Two hours later the path of poopy paw prints was finally clean, and man, we should have sold tickets to that spectacle. I wasn’t thinking clearly, because I was dead, and instead of tying up the dogs we just let them run around while we cleaned, and Coco was all, how crazy is this, there are treats EVERYWHERE! And she’s meandering around the house licking the floor. And Leta is jumping up and down on the couch screaming I DIDN’T POOP ON THE FLOOR! IT WASN’T ME! Because you clearly cannot get ahead in life if you are not actively taking advantage of every opportunity to make yourself look good. The dog tracked poop all over the floor, yes, but more importantly SHE DIDN’T. And she was expecting a trophy.
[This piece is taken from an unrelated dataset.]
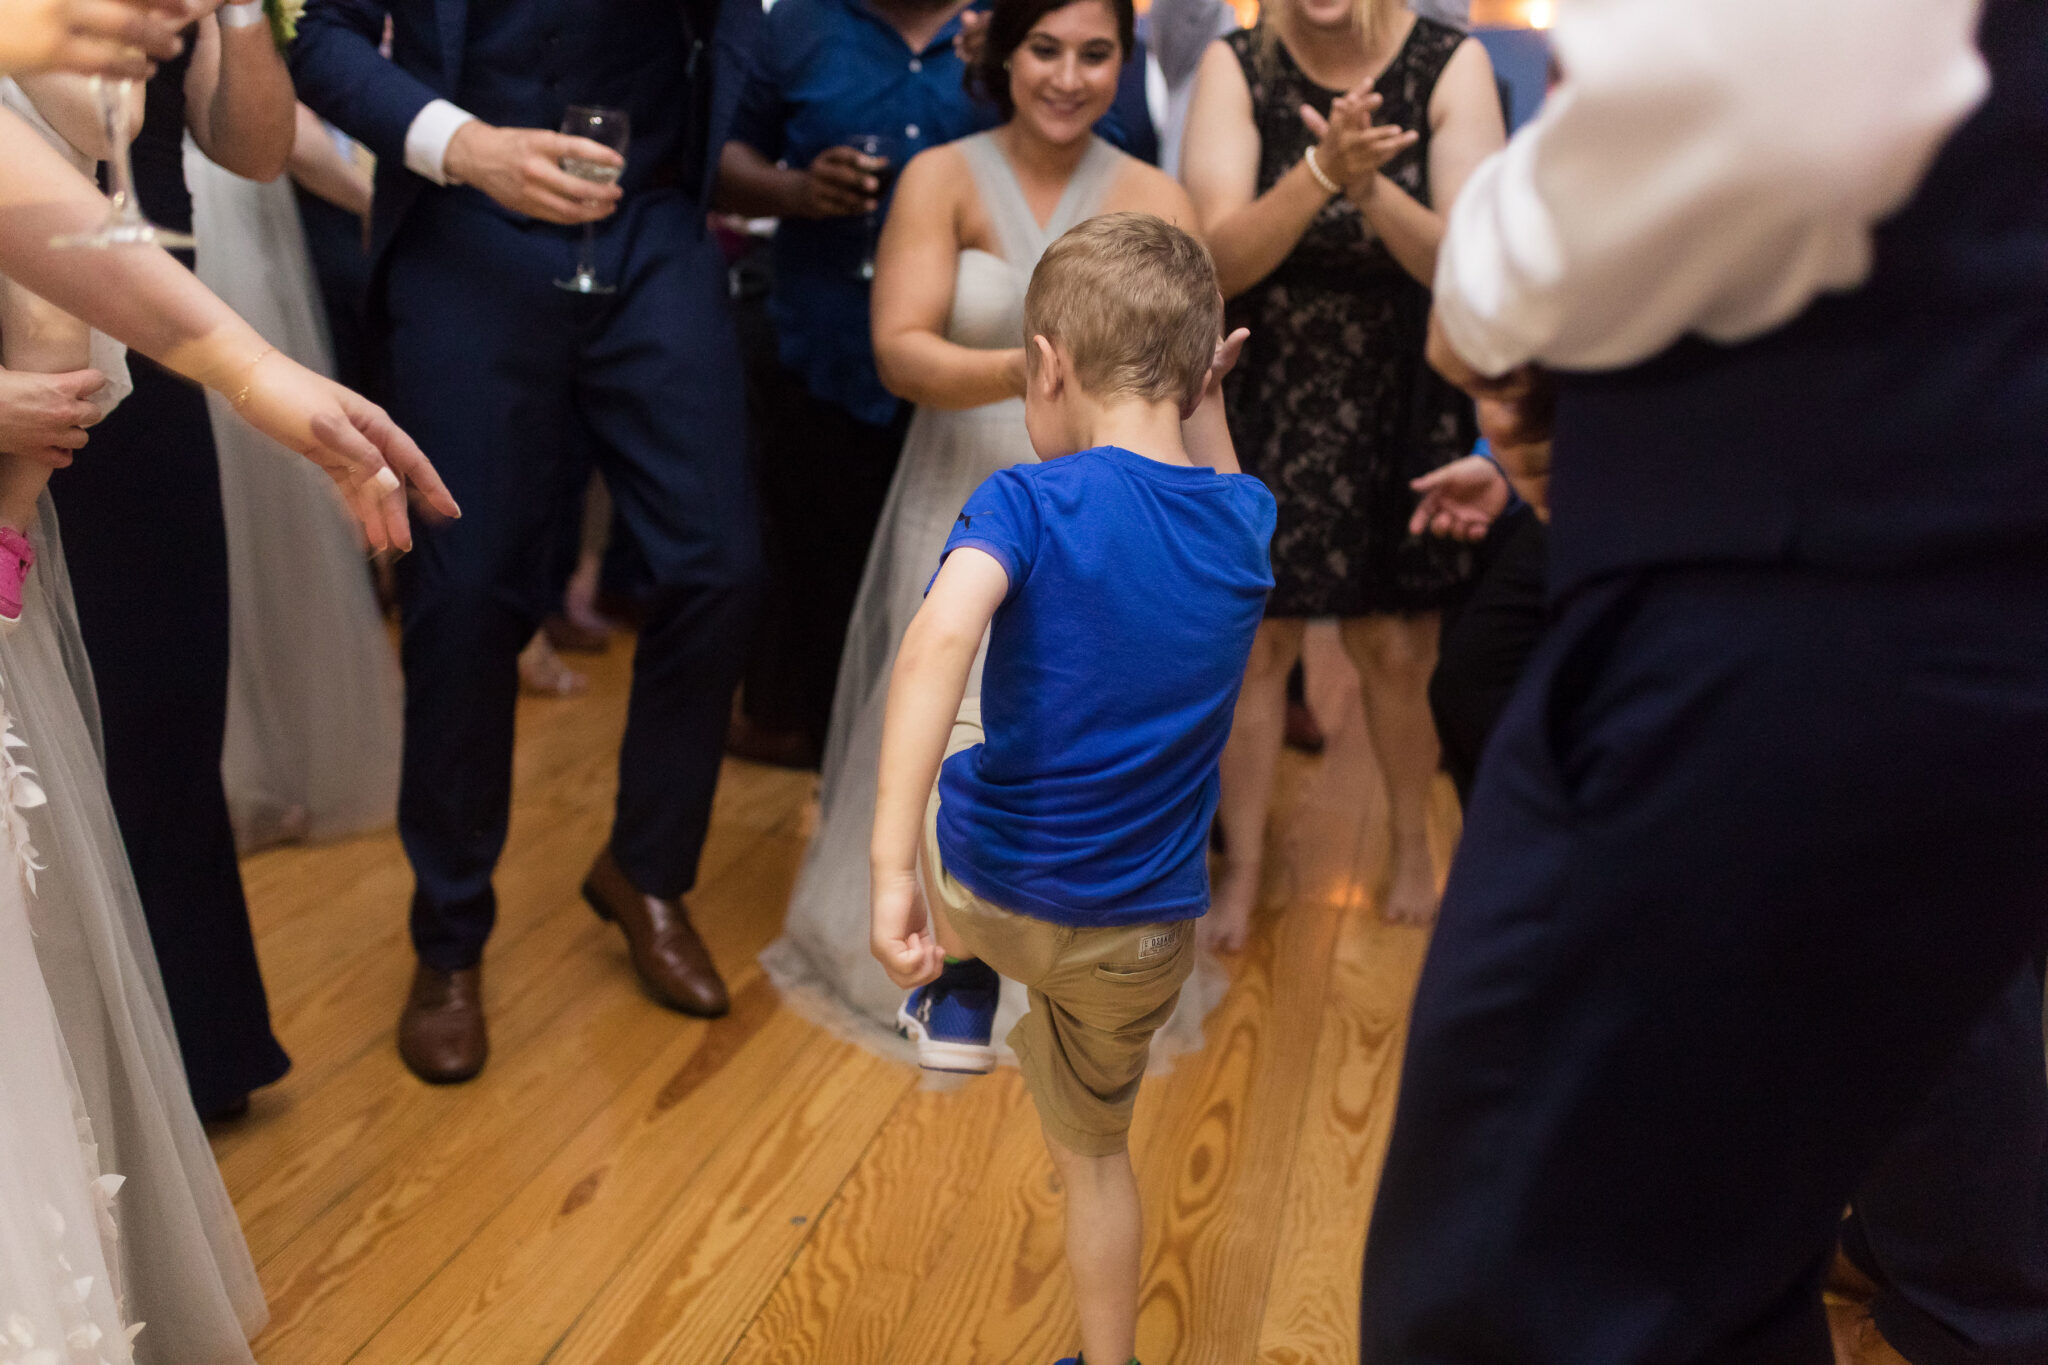 katie-alex-wedding-reception-dancing-222

Anyway, whatever. Coco didn’t have an accident, it was all just a huge, messy misunderstanding. And this week is the first week since we’ve had her that I haven’t felt like a prisoner in my own home, waiting waiting waiting to walk around the corner and step into a fresh puddle of urine. Also, Jon is considerably less grumpy, I’ll let him give you the specifics, but in an effort to help alleviate his grumpiness further we spent 17 hours at the doctor’s office yesterday getting him a CT scan and trying to figure out why his sinuses are so mean to him. The scan looked good, although the ear, nose, and throat specialist was a total nerd and was cracking nerd jokes about bones that made no sense to me because I did not get a medical degree from Harvard. And as he’s pointing to the illuminated CT scan and laughing at why that little thing right there? That’s called the sphenoid bone. Get it? GET IT? Jon and I are pretending to understand, laughing nervously like, yeah. That sphenoid bone is a total riot.